═══ DATA ═══
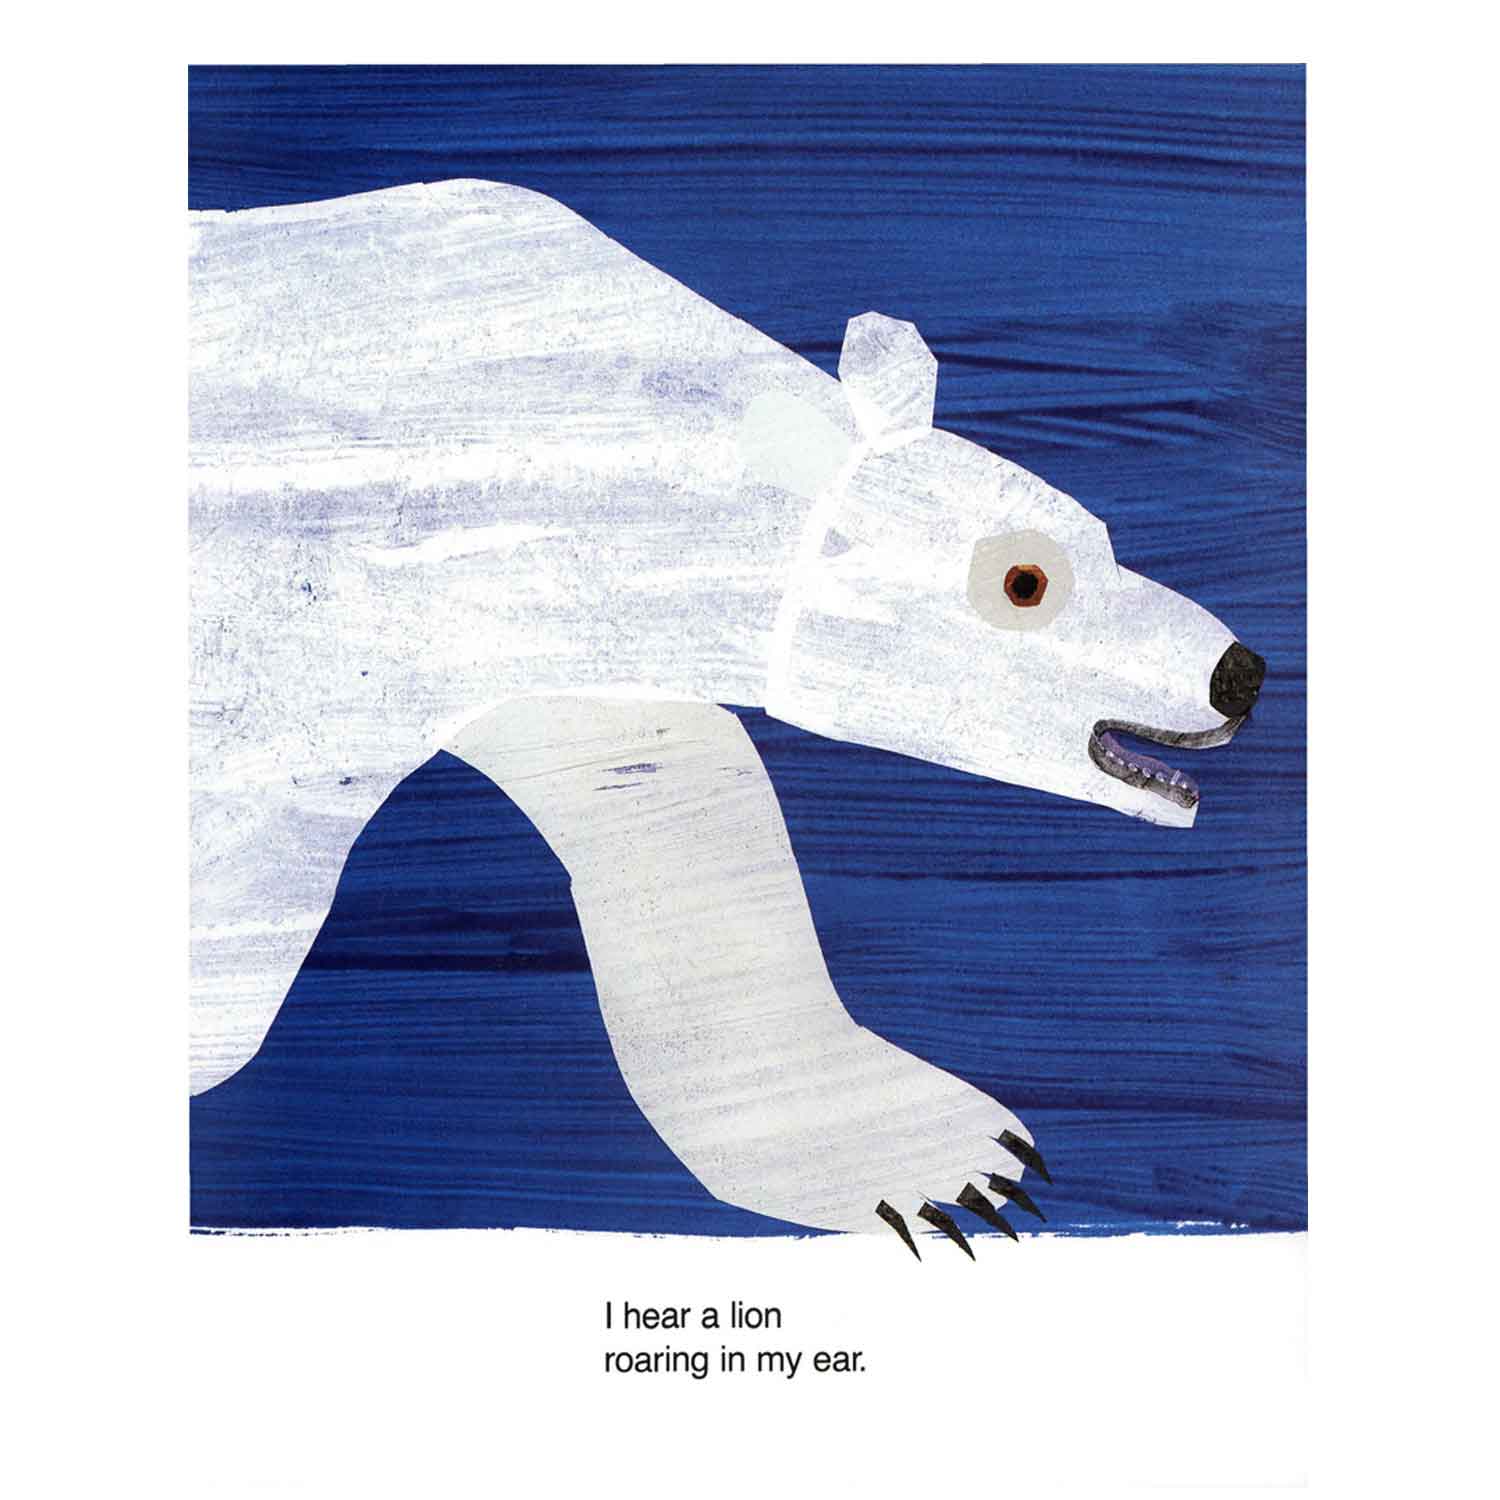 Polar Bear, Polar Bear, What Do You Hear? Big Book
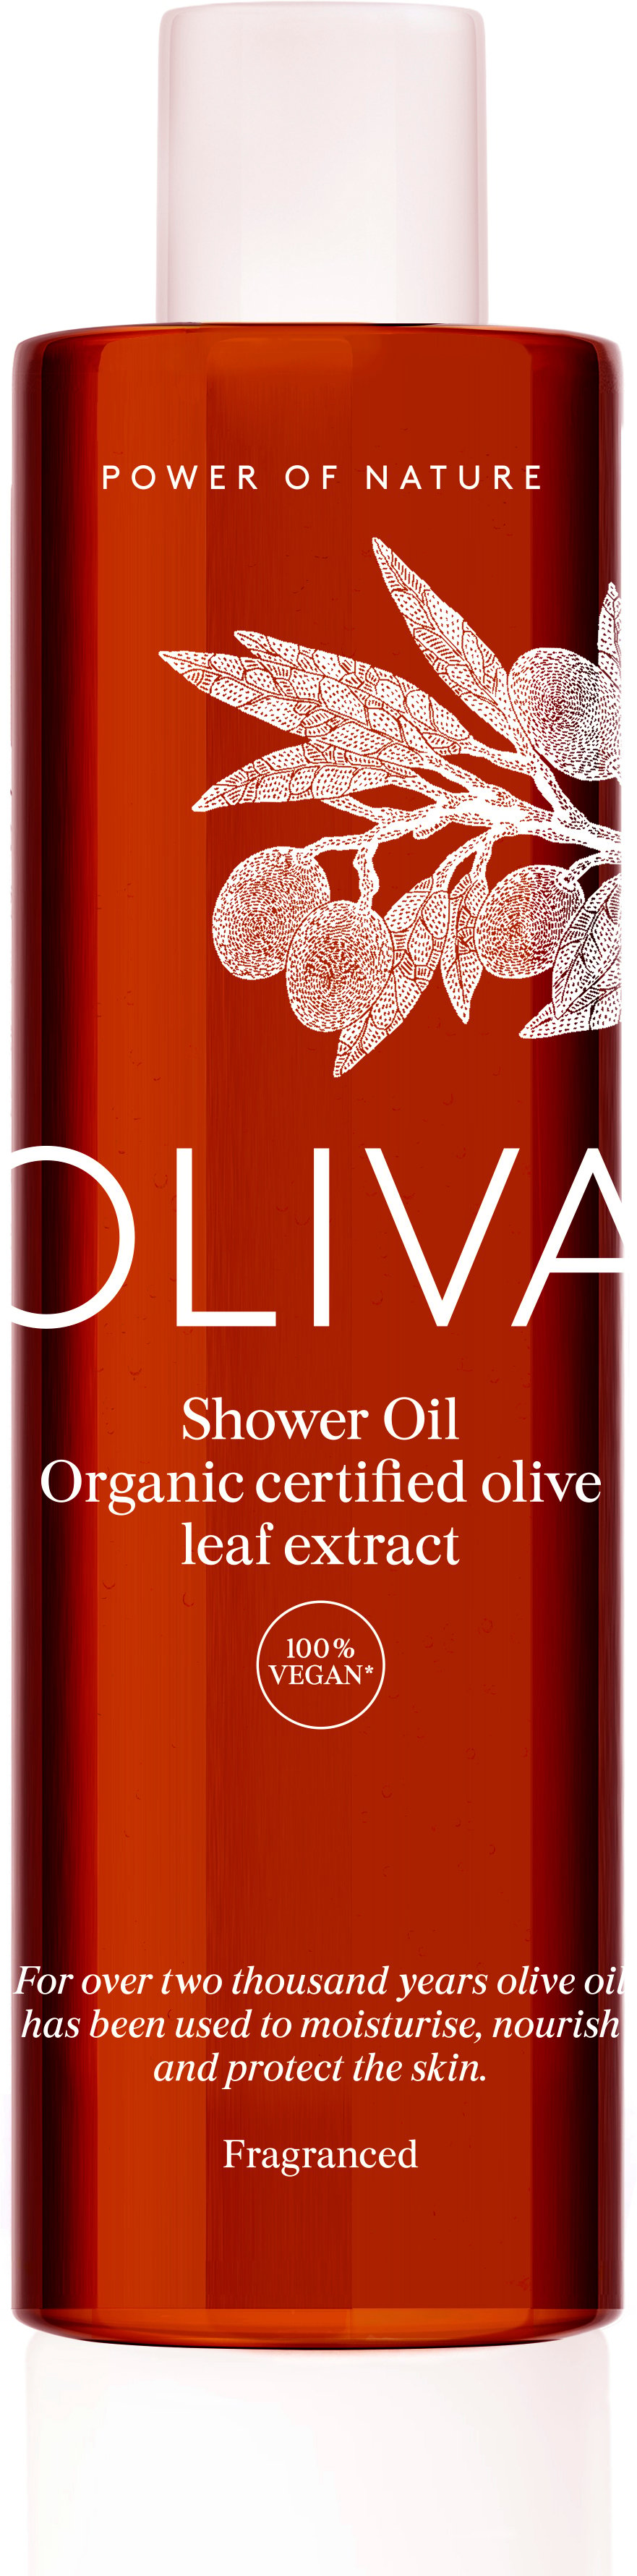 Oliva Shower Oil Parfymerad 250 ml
═══
═══ DATA ═══
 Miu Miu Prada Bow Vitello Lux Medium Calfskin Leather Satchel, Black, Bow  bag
═══
## PROBLEM TO SOLVE
Working from the records above, set down word for word everything from the line containing "Polar Bear, Polar" down to the line containing "Oliva Shower Oil Parfymerad 250 ml", ends included, minus the pictures.

## WRITTEN RESPONSE
 Polar Bear, Polar Bear, What Do You Hear? Big Book
 Oliva Shower Oil Parfymerad 250 ml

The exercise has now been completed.